Input data:
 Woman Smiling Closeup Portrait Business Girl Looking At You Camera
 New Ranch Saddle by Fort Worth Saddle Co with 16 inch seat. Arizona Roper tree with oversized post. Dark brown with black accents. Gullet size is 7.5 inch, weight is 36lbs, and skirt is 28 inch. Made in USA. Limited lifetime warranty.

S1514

Exercise instructions:
Transcribe the data in full, matching every line exactly.

Problem solution:
 Woman Smiling Closeup Portrait Business Girl Looking At You Camera
 New Ranch Saddle by Fort Worth Saddle Co with 16 inch seat. Arizona Roper tree with oversized post. Dark brown with black accents. Gullet size is 7.5 inch, weight is 36lbs, and skirt is 28 inch. Made in USA. Limited lifetime warranty.

S1514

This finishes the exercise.